[[ Given data, beginning ]]
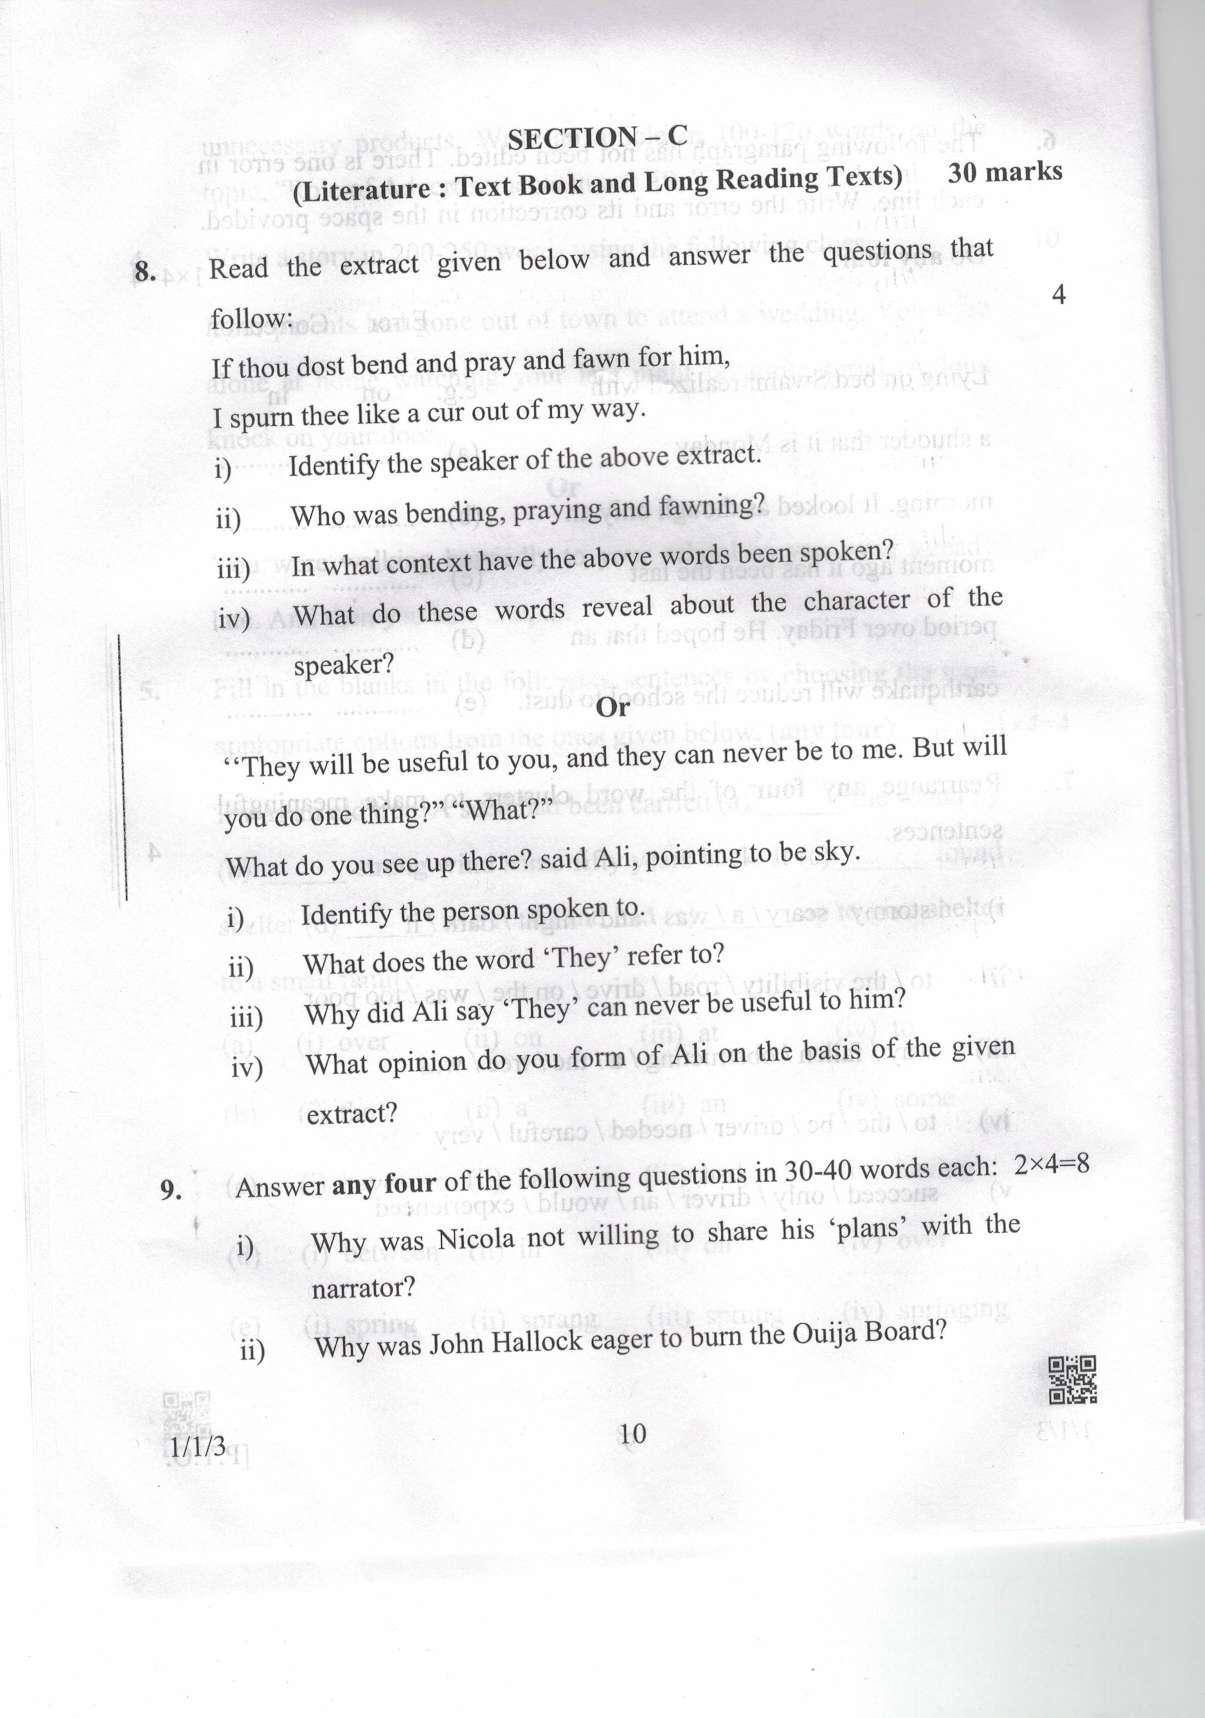 CBSE Class 10 1-1-3 Eng. Comm. 2019 Question Paper - Page 10
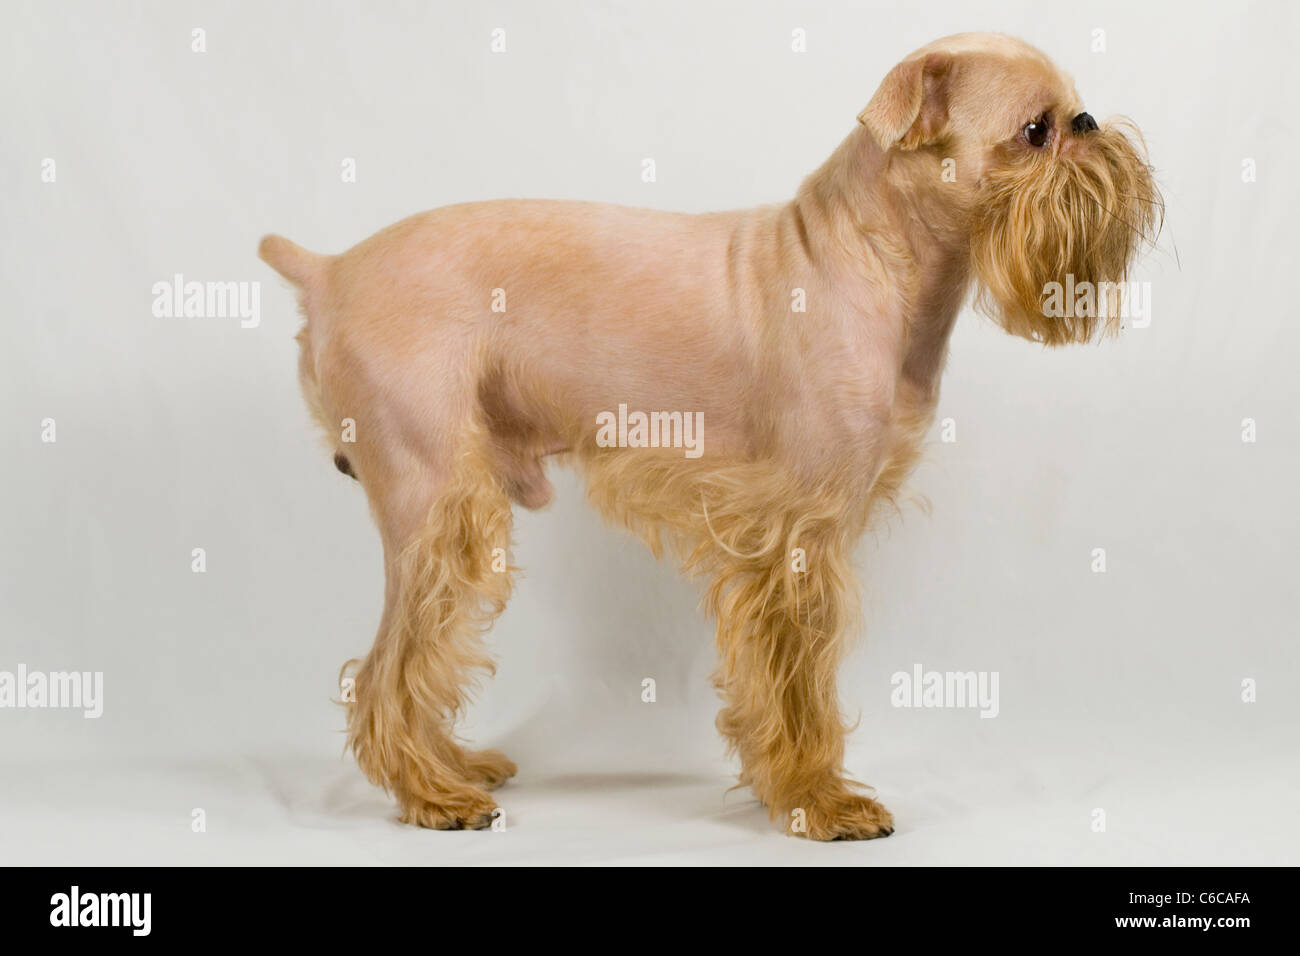 Dog of breed the Griffon Bruxellois after grooming Stock Photo
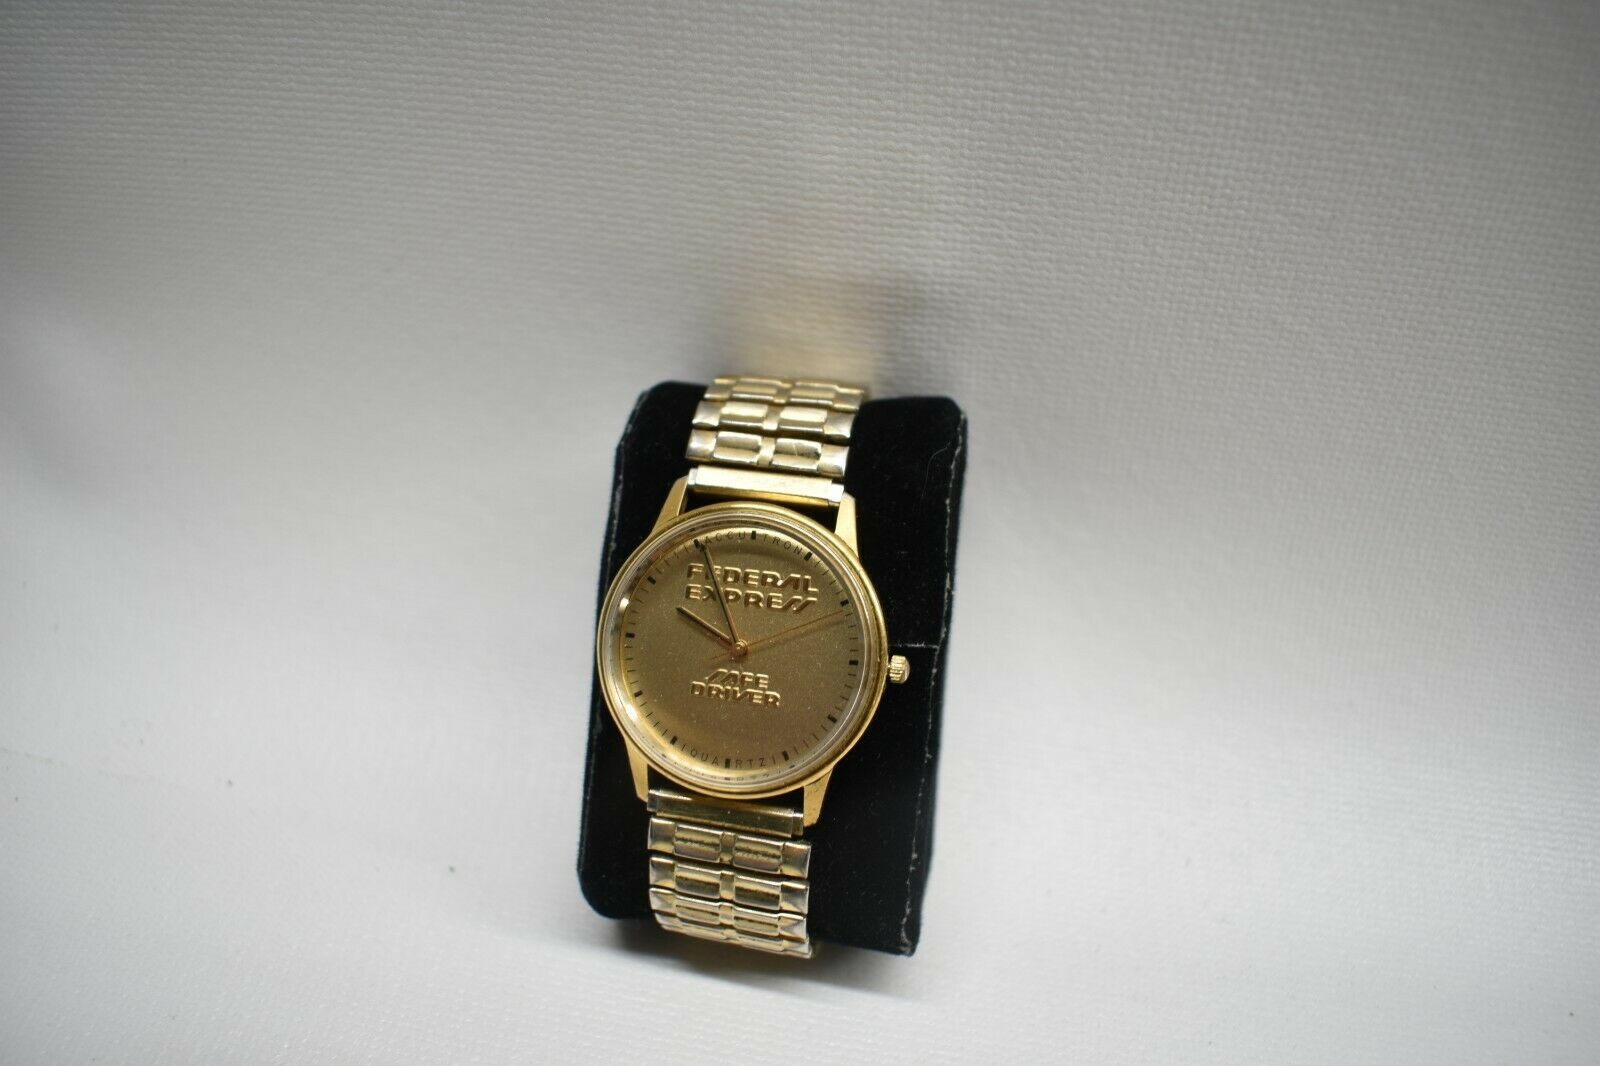 VINTAGE FEREX Hand Wind Pendant Watch no Chain Heart Shaped Face Beautiful  Unusual Watch Working - Etsy
[[ Given data, end ]]
Task instructions — Write the lines above out again exactly, excluding every picture.

Output below —
 CBSE Class 10 1-1-3 Eng. Comm. 2019 Question Paper - Page 10
 Dog of breed the Griffon Bruxellois after grooming Stock Photo
 VINTAGE FEREX Hand Wind Pendant Watch no Chain Heart Shaped Face Beautiful  Unusual Watch Working - Etsy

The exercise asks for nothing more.